Question de confiance
Les Ethical Hacks menés de façon professionnelle sont aujourd’hui des méthodes efficaces
afin d’identifier suffisamment tôt les faiblesses de la sécurité informatique. On procède ici à
des attaques en règle sur des cibles bien réelles et dans des conditions contrôlées. La
procédure correspond à celle d’une véritable agression avec les outils et panoplies
logicielles des éditeurs les plus en vue, mais aussi tout l’instrumentaire des hackers afin de
pouvoir ratisser aussi large que possible. Sur le marché, les services d’Ethical Hacking sont
proposés par des entreprises diverses et ont traditionnellement été effectués par de
grandes sociétés d’audits telles que PWC, KPMG ou Ernst & Young. Grâce à leur longues
années d’activité et à de nombreux projets client, les prestataires informatiques opérant sur
une scène internationale à l’instar d’IBM possèdent eux aussi un savoir-faire considérable
au niveau de la sécurité, offrant des études ad hoc parmi leurs prestations de conseil. Enfin,
des entreprises de moindre importance s’imposent aussi de plus en plus sur le marché des
études de sécurité et de l’Ethical Hacking. A l’heure du choix, il convient cependant de se
rappeler que les spécialistes, s’ils parviennent à leurs fins, ont accès aux dossiers de
recherche secrets ou aux données clients confidentielles. La confiance envers un
prestataire devrait donc jouer un rôle essentiel lors de la sélection.

Amélioration durable de la sécurité informatique


Que peut attendre une entreprise d’une mesure d’Ethical Hacking effectuée dans les règles
de l’art ? Cette démarche permet de confier à un tiers l’observation, l’analyse et l’évaluation
de la sécurité informatique, sujet normalement traité en interne. Outre le fait d’être informée
dans les détails d’éventuelles lacunes techniques, l’entreprise pourra aussi se faire une
image pertinente des risques commerciaux liés à ces faiblesses , au moyen de constats
fondés sur la disponibilité de l’information, l’accès aux données confidentielles ou encore les
modifications de données passées inaperçues. Un important avantage de l’Ethical Hacking
réside dans la nature des vérifications pratiques allant au-delà des analyses théoriques.
L’exercice fournit d’ailleurs, le cas échéant, un « Proof of Concept », c’est-à-dire l’attestation
d’une attaque réussie, tandis qu’un rapport détaillé et une discussion finale mettent en
lumière les possibilités de parer aux risques identifiés. L’Ethical Hacking correspond ainsi à
un audit technique, présentant des solutions rapides pour améliorer immédiatement la
sécurité, ainsi que des actions et stratégies à court et moyen terme afin d’optimiser
durablement la protection des données et systèmes au sein de l’entreprise.
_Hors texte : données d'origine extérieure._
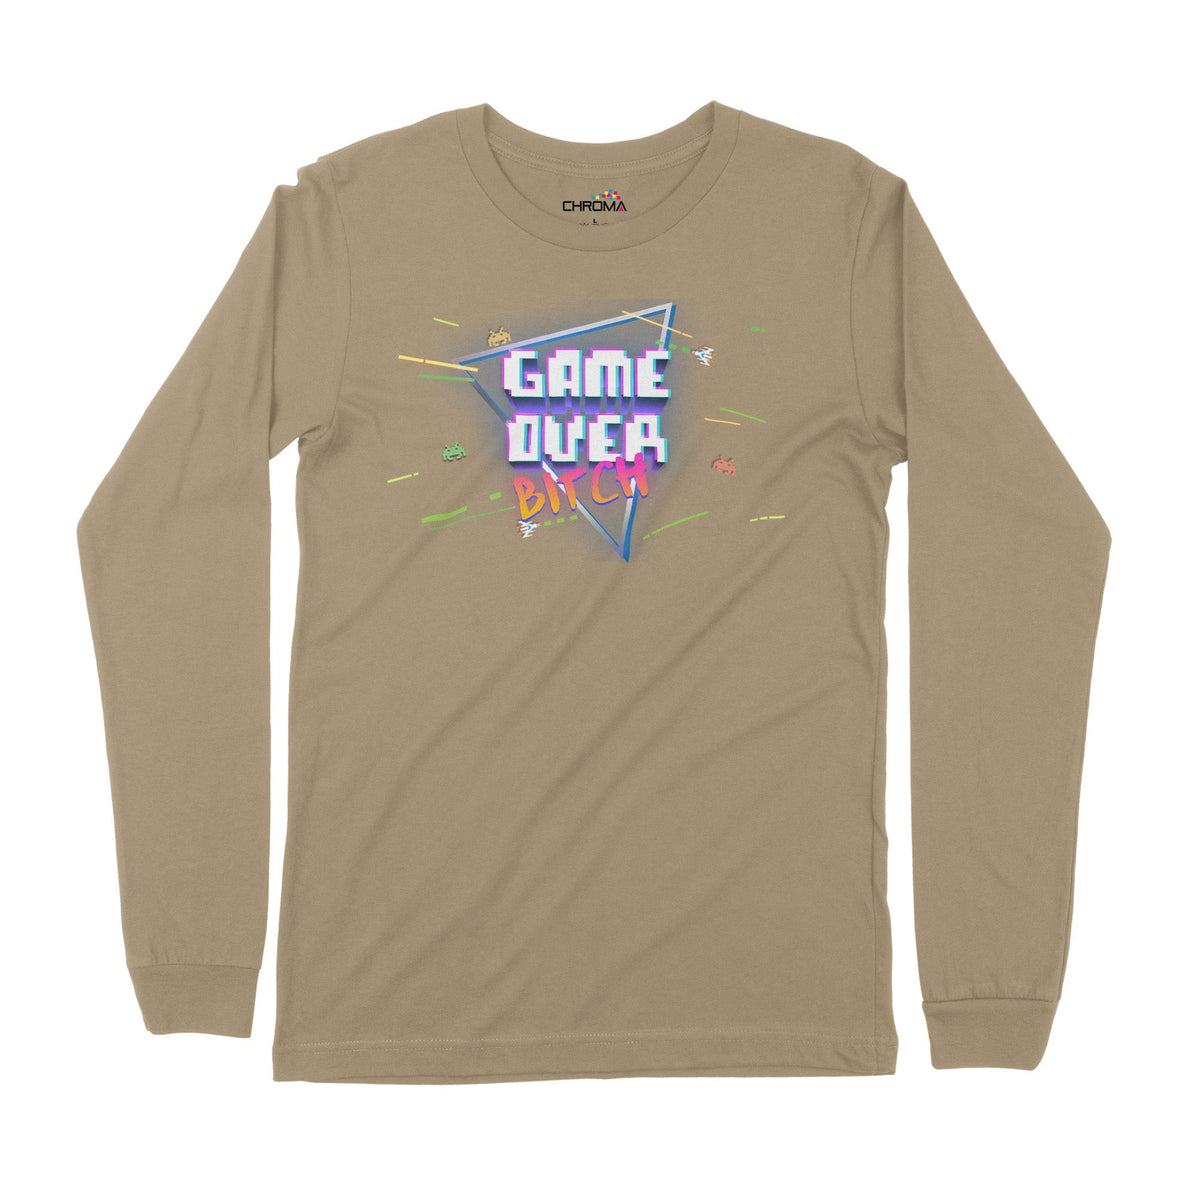 Game Over Bitch | Long-Sleeve T-Shirt | Premium Quality Streetwear Chroma Clothing

L’entraînement est important, nous en sommes tous conscients. Une opération d’Ethical
Hacking constitue ainsi un exercice hautement efficace révélant les atouts et les faiblesses
de la sécurité informatique, permettant dès lors d’engager immédiatement des mesures
destinées à améliorer cette dernière. Dans notre monde couvert de réseaux et fortement
axé sur l’informatique, la sécurité n’est pas un élément facultatif, mais une condition
absolument nécessaire si l’on souhaite garantir à terme la réussite des affaires.
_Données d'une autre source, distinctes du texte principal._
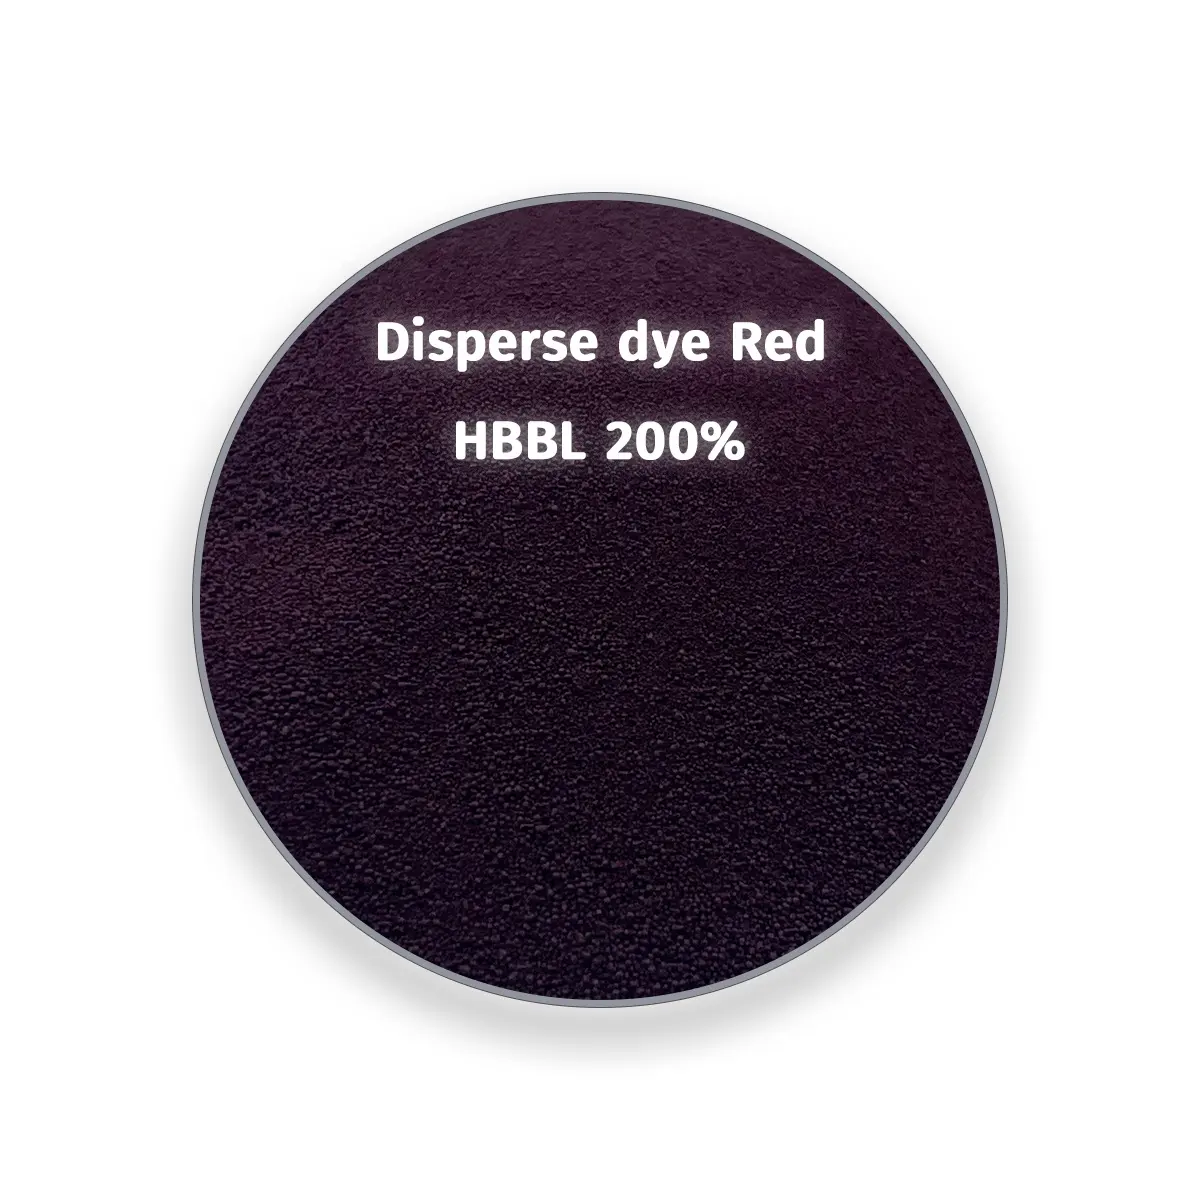 Disperse dye Can be customized and purchased Price concessions RedHBBL200% Used for dyeing polyester Garment dyes Nylon dyestuff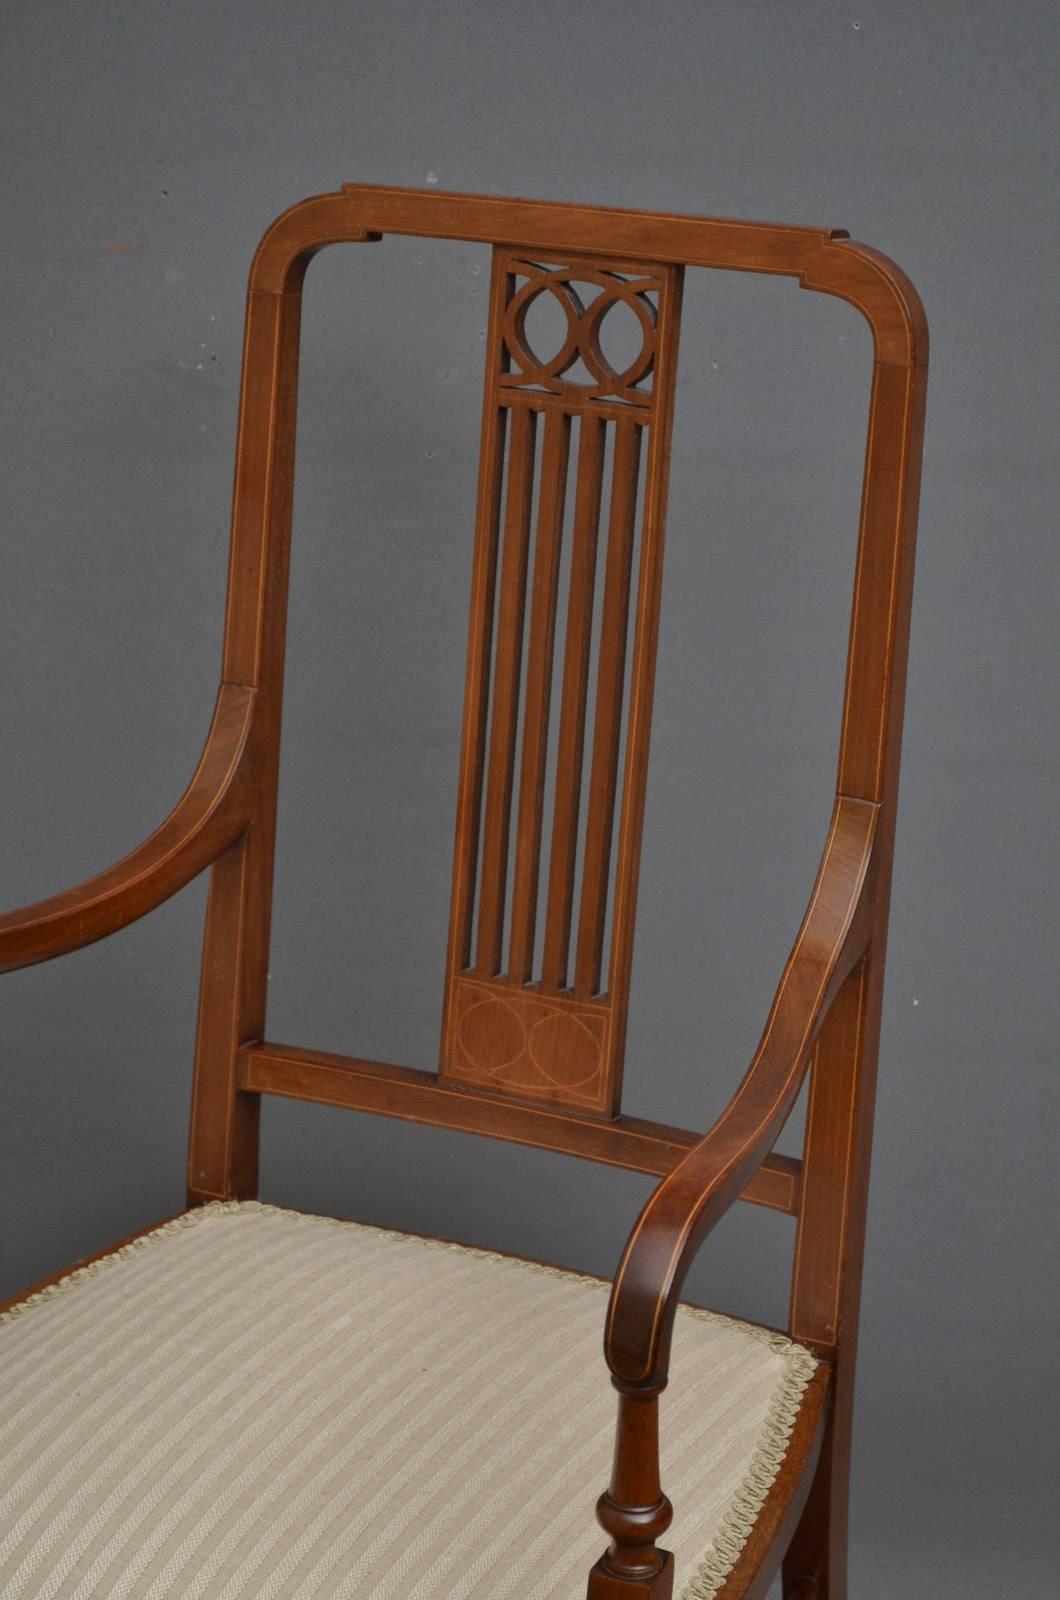 Sn4181 Elegant Edwardian mahogany and inlaid chair in wonderful condition throughout, circa 1900
Measures: H 16.5”, seat H 40

* Spécialiste de la sécurité informatique et « Ethical Hacker » auprès du groupe de technologie et de services


IBM, Reto Baumann s’illustre particulièrement au niveau de la vérification technique de la sécurité informatique
ainsi que de la conception et l’implémentation de solutions de sécurité dans le domaine du scanning de la
vulnérabilité, des bilans de santé informatique et de la sécurité réseau. Informaticien diplômé de l’EPFZ, Reto
Baumann est certifié en tant que Firewall Analyst (GCFW), Intrusion Analyst (GCIA) et Security Specialist
(GSEC). Il est également membre du GIAC Advisory Board.